Authors: Della Galton
Tags: #Literature & Fiction, #Contemporary, #Women's Fiction, #Contemporary Women, #Contemporary Fiction, #General Fiction
“How’s it going with Tom?” he asked. Maybe he had picked up on her thoughts, after all.
“I don’t think there’s going to be any happy reconciliation. Tom’s not in a hurry to divorce me, but he doesn’t want me to move back in either. And I really don’t blame him.”
“But you haven’t been tempted to drink on that?”
SJ shook her head. “I get tempted occasionally, but I’m not going to do it. I only have to remember what happened last time.”
He raised his eyebrows, and she said quietly, “When Dad gave me that gin and tonic at the party – complete with ice and a slice – I had no idea what it would lead to...”
“Congratulations,” Kit interrupted, and she looked at him in surprise.
“What?”
“You got the right drink,” he said with a smile. “It’s the first drink that does the damage. It takes ages for most alcoholics to get their head around that. They think it’s the fourth or the fifth – or the final bottle they can’t even remember guzzling.”
She blushed. “Yeah, thanks very much for reminding me of that!”
“You’re welcome,” he said, unrepentant. “You’ve got a very good sponsor too, haven’t you?”
“Dorothy’s amazing. I don’t think I could have done it without her. And I’ve made a few friends at meetings.” That had surprised her. How normal people were – and yet also how diverse. She’d met nurses, teachers, waitresses and office workers; not a tramp on a park bench in sight. The only thing they all had in common was they couldn’t drink like other people. They couldn’t stop at one.

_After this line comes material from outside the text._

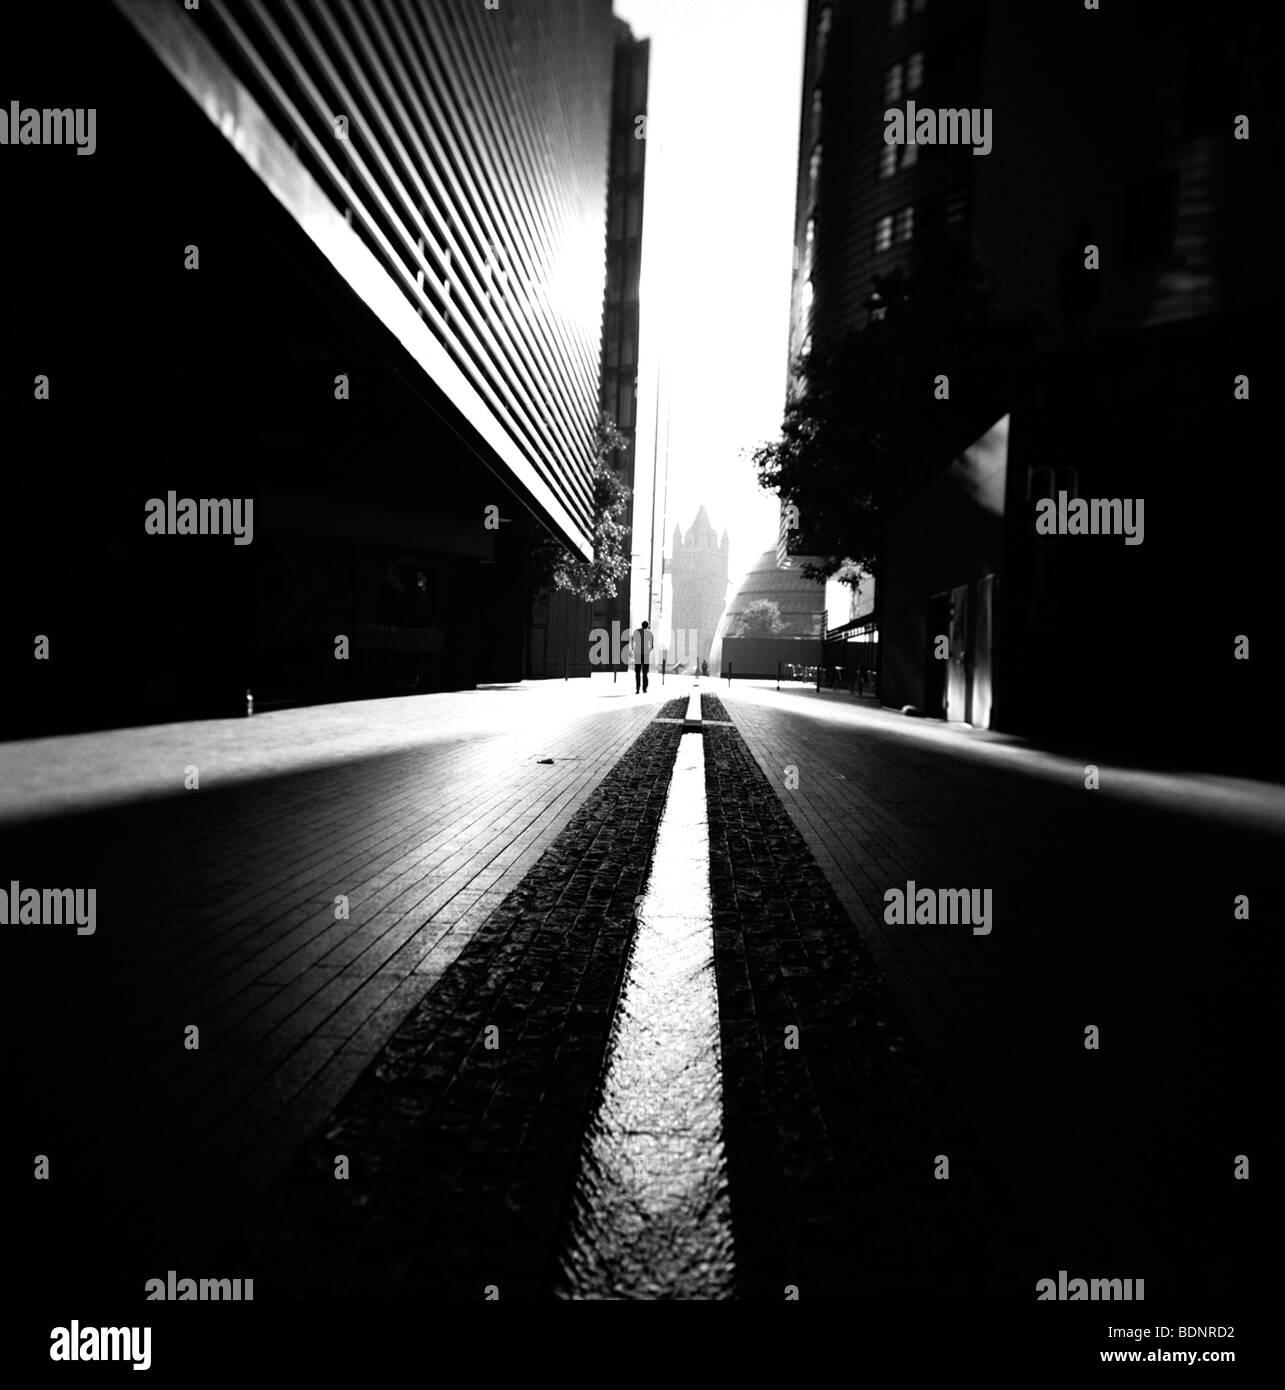 Lone figura camminando lungo la strada scura con edifici alti London Inghilterra England Immagini Stock
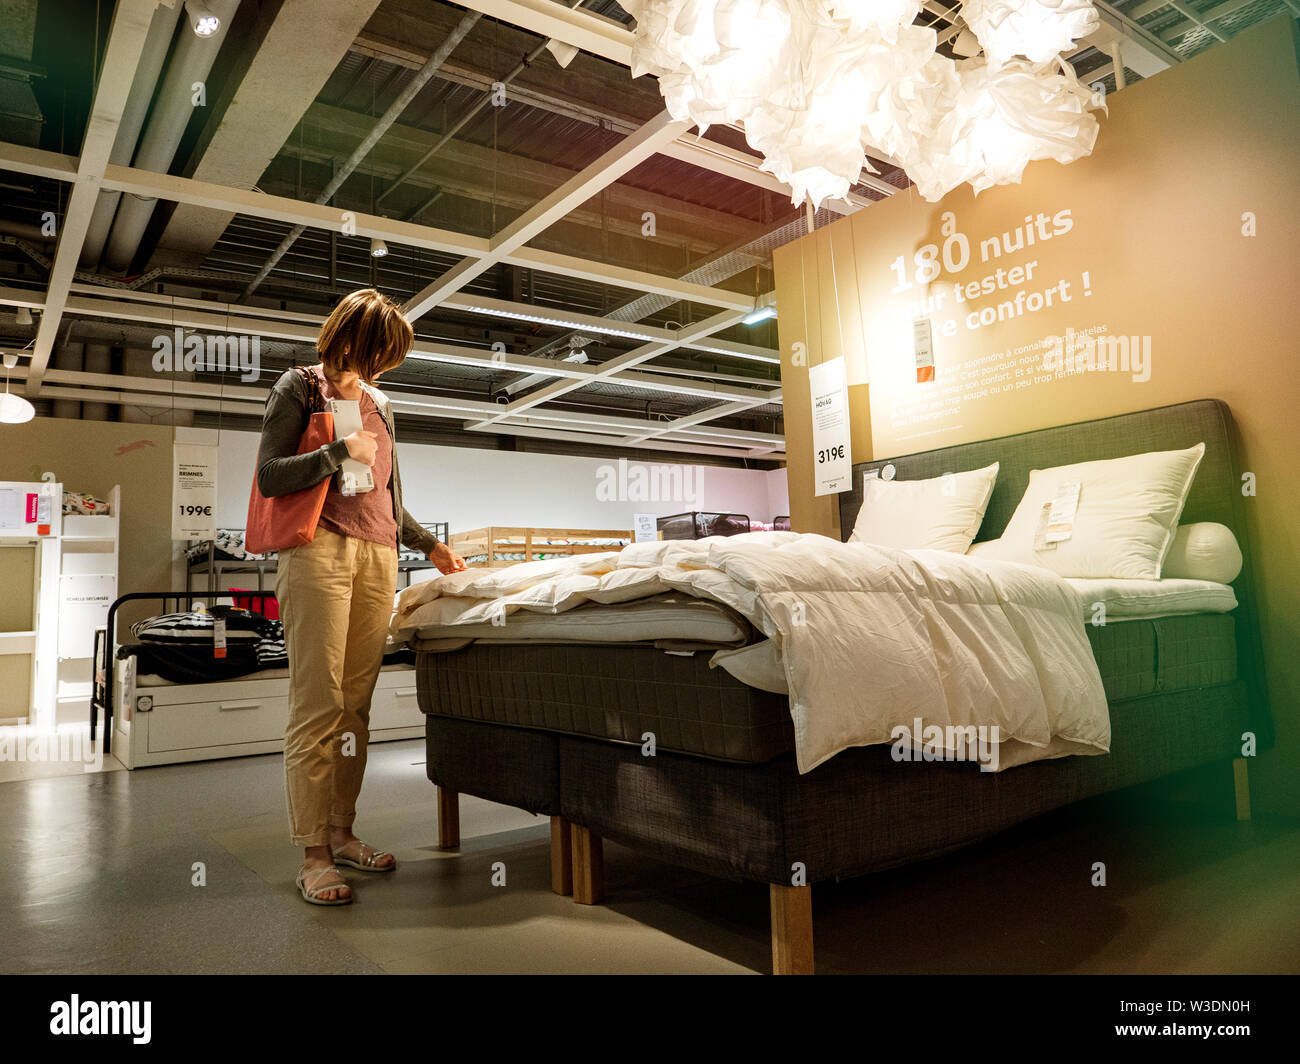 Biancheria Da Letto Ikea.Letto Ikea Immagini Letto Ikea Fotos Stock Alamy

“So you’ve got plenty of support then?” Kit said. “Plenty of people around you who’ll help you stay sober?”
Suddenly realising what he was getting at, SJ nodded. “I should stop coming here, shouldn’t I? Free up the appointment for someone who needs it more than me?”
“I’m not saying that. I’ve told you before – you can come as long as you need.” Kit’s face was serious.
“But it’s true, isn’t it? I can’t keep coming here forever. I have to stand on my own two feet sooner or later.”
The thought of not seeing him any more left her feeling impossibly bleak. And ironically it was this that decided her.
Deep down, she knew she only kept coming because she was a little bit in love with him. And while the old SJ would have found this a perfectly good reason to continue, the new more mature SJ knew it wasn’t.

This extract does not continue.